O presidente Lula visitou nesta quinta-feira (3) a ex-presidente da Argentina, Cristina Kirchner, que cumpre prisão domiciliar após ser condenada por corrupção. A reunião aconteceu na casa dela, em Buenos Aires, após a justiça a provar a visita do líder brasileiro.
Na rede social X — o antigo Twitter — Cristina divulgou fotos do encontro com uma legenda de fazia críticas ao governo de Javier Milei e ao judiciário argentino.
O que diz o post
A argentina afirmou que o encontro foi mais do que uma visita pessoal. Para ela, a presença de Lula representa um ato político de solidariedade entre líderes que, segundo suas palavras, sofreram perseguições judiciais em seus países. A ex-presidente disse que a Justiça argentina deixou de agir com independência e passou a atender aos interesses do poder econômico.
“Lula também foi perseguido, usaram a guerra jurídica contra ele, chegando a prendê-lo, e tentaram silenciá-lo. Não conseguiram. Ele voltou com o voto do povo brasileiro e de cabeça erguida. Por isso, hoje, SUA VISITA FOI MUITO MAIS DO QUE UM GESTO PESSOAL: FOI UM ATO POLÍTICO DE SOLIDARIEDADE.”
Na publicação, Cristina descreveu um cenário que chamou de “terrorismo de Estado de baixa intensidade”, expressão usada para se referir, ao que considera, práticas autoritárias no governo Milei. Ela denunciou a repressão a protestos e a prisão de militantes, citando a atuação da ministra da Segurança, Patricia Bullrich, que ordenou a detenção de jovens e mulheres ativistas.
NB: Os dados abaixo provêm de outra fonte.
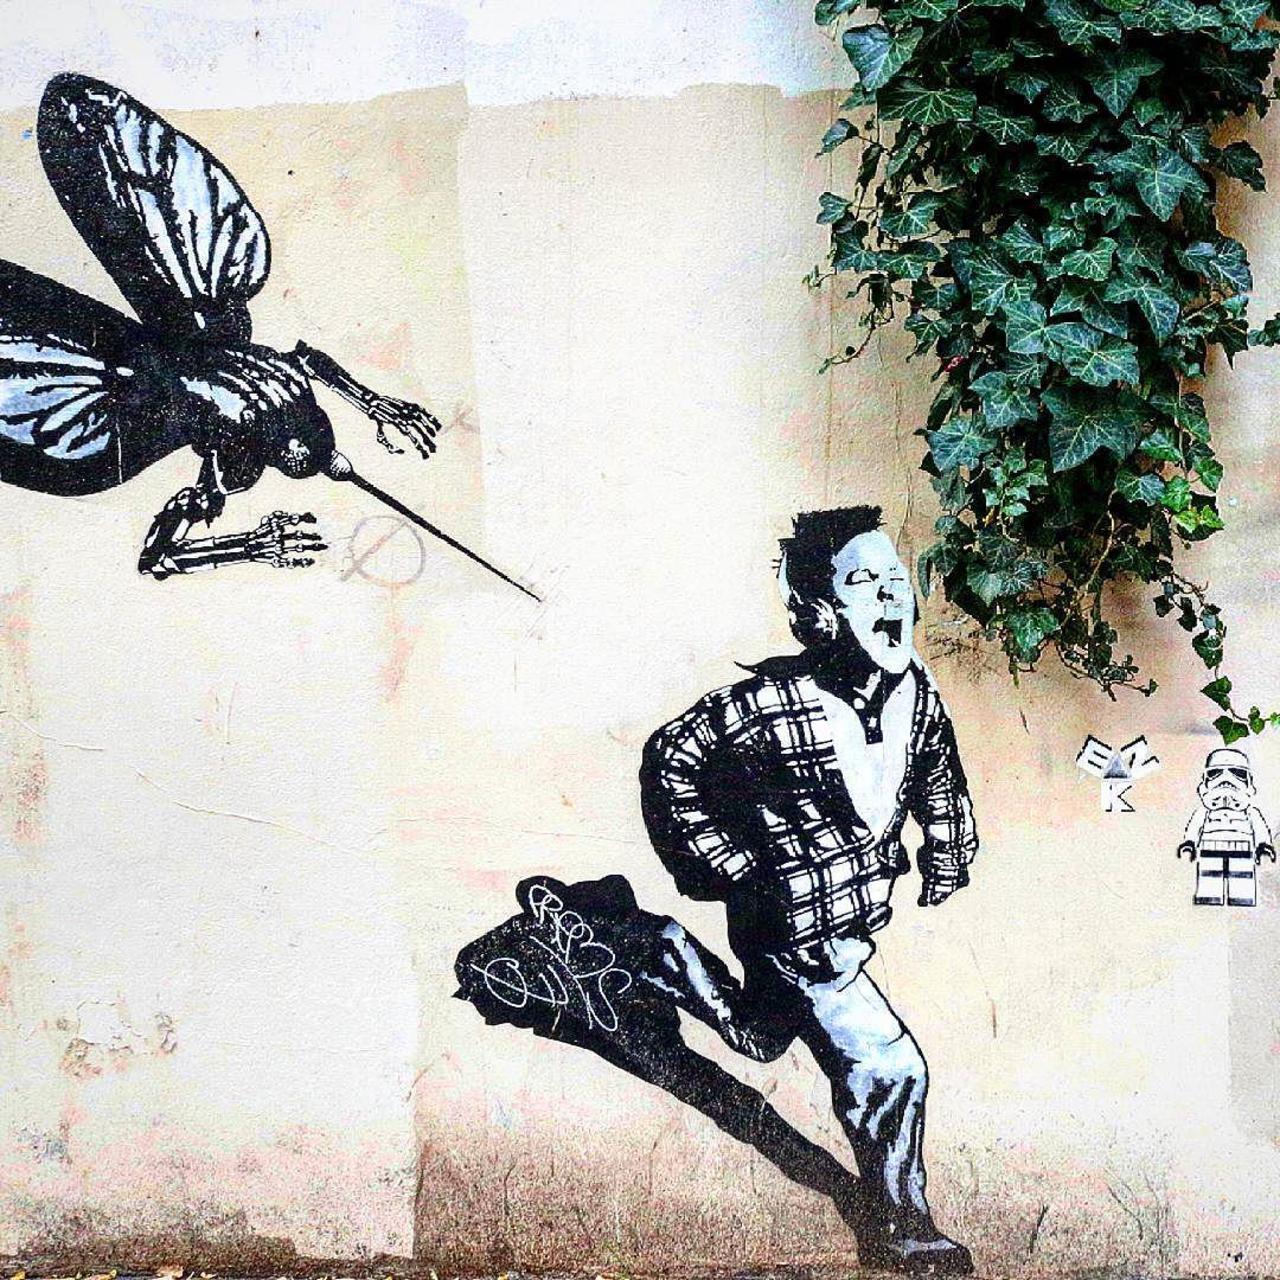 #Paris #graffiti photo by @jpoesse http://ift.tt/1GnkuuI #StreetArt https://t.co/Bs8Vm8LVyR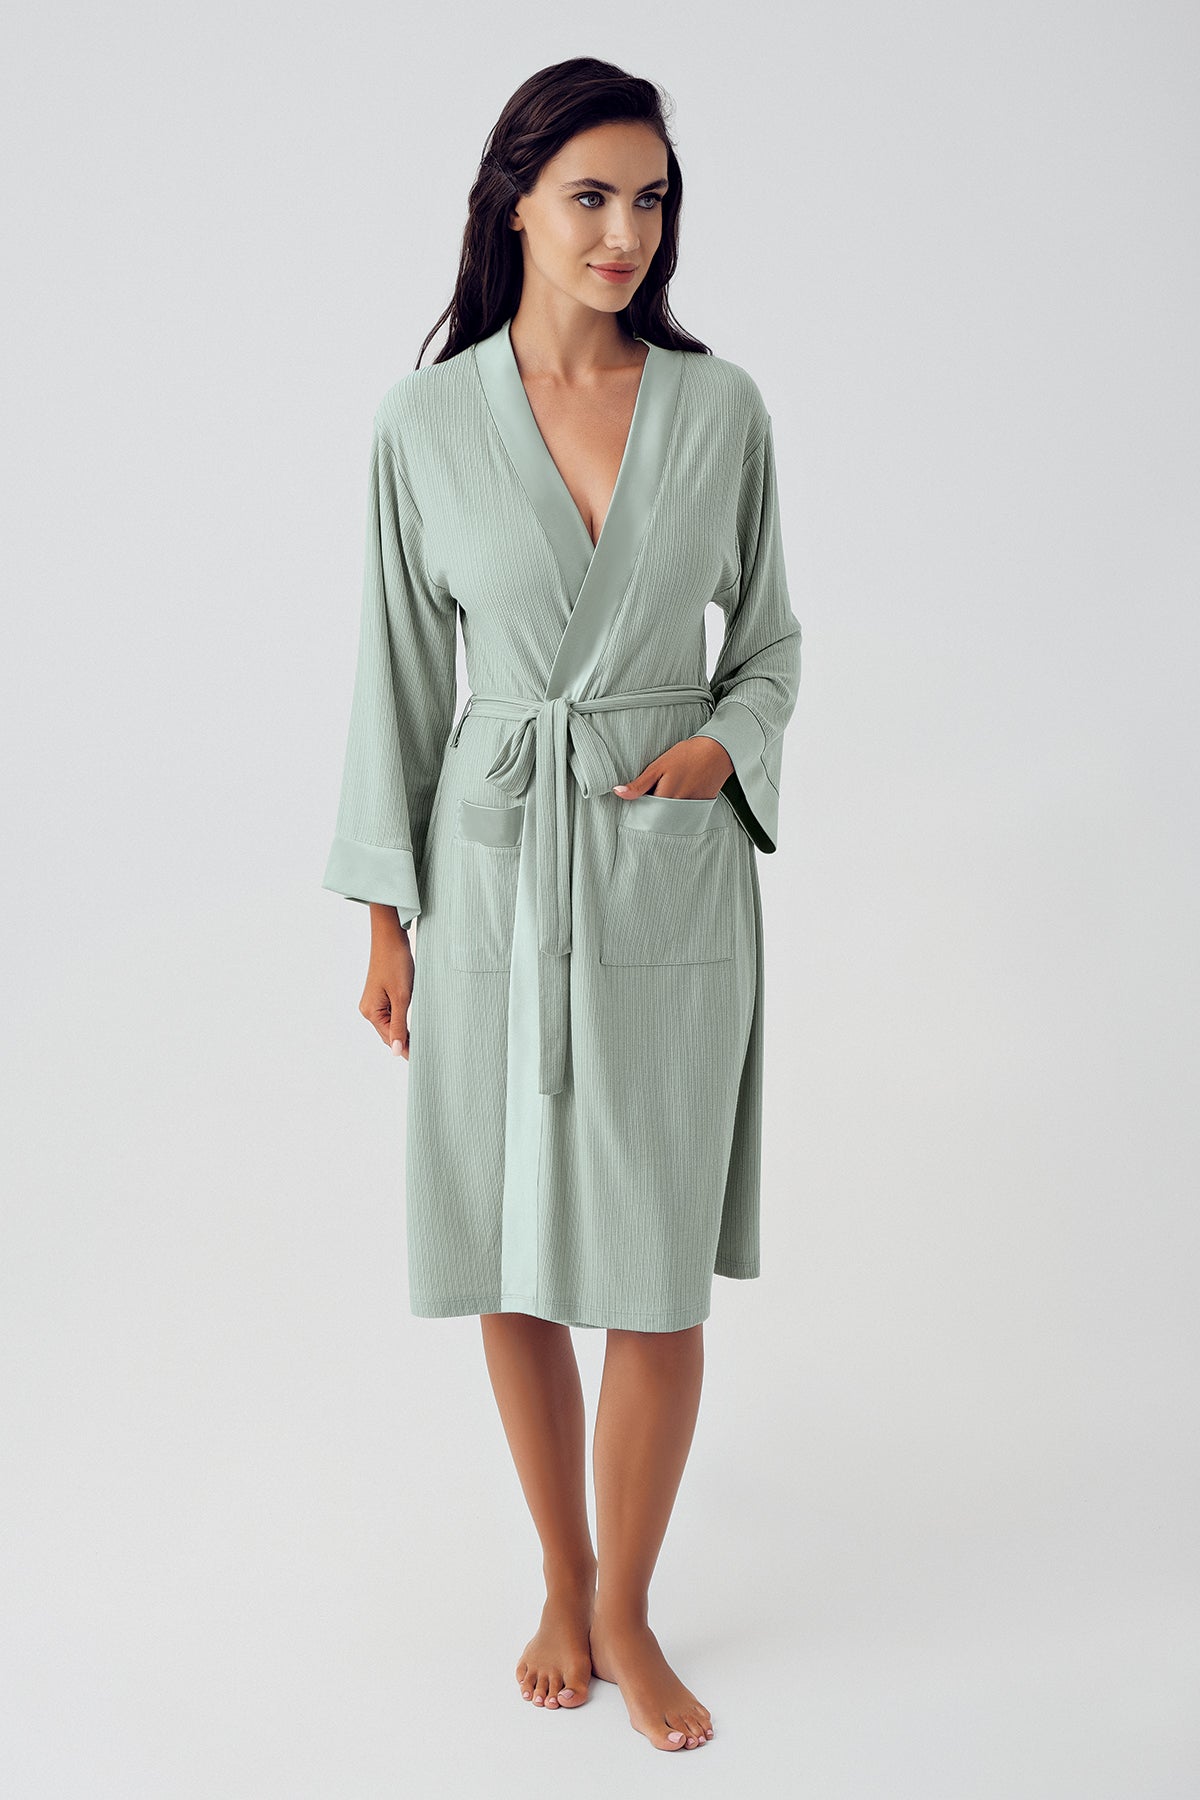 Shopymommy 15506 Bias Detailed Maternity Robe Green

Cristina também criticou as propostas de vigilância estatal. Segundo ela, o governo prepara medidas que permitem monitoramento de redes sociais sem autorização judicial e espionagem interna contra qualquer pessoa que questione o discurso oficial. Ela alertou para o risco de prisões preventivas sem provas de crime, apenas com base em opiniões e publicações online.
A ex-presidente denunciou ainda a queda nos níveis de liberdade de imprensa no país. Citou dados da organização Repórteres Sem Fronteiras, que apontam a Argentina como o país que mais perdeu posições no ranking global de liberdade de imprensa nos últimos dois anos. Ela relembrou o caso do fotojornalista Pablo Grillo, que ficou em coma após ser agredido enquanto cobria uma manifestação de aposentados.
No campo econômico, Cristina criticou os sucessivos aumentos nas contas de energia e gás durante uma forte onda de frio no país. Ela acusou o governo de aplicar um modelo neoliberal radical que, segundo ela, privilegia os mais ricos e deixa a população vulnerável, em uma situação semelhante ao que ocorreu no Chile durante a ditadura de Pinochet.
Apesar das críticas, a ex-presidente afirmou que a sociedade argentina não aceitará calada as medidas do governo Milei. Para ela, a mobilização popular será capaz de barrar o avanço autoritário, assim como aconteceu no Brasil com o retorno de Lula à presidência após sua prisão.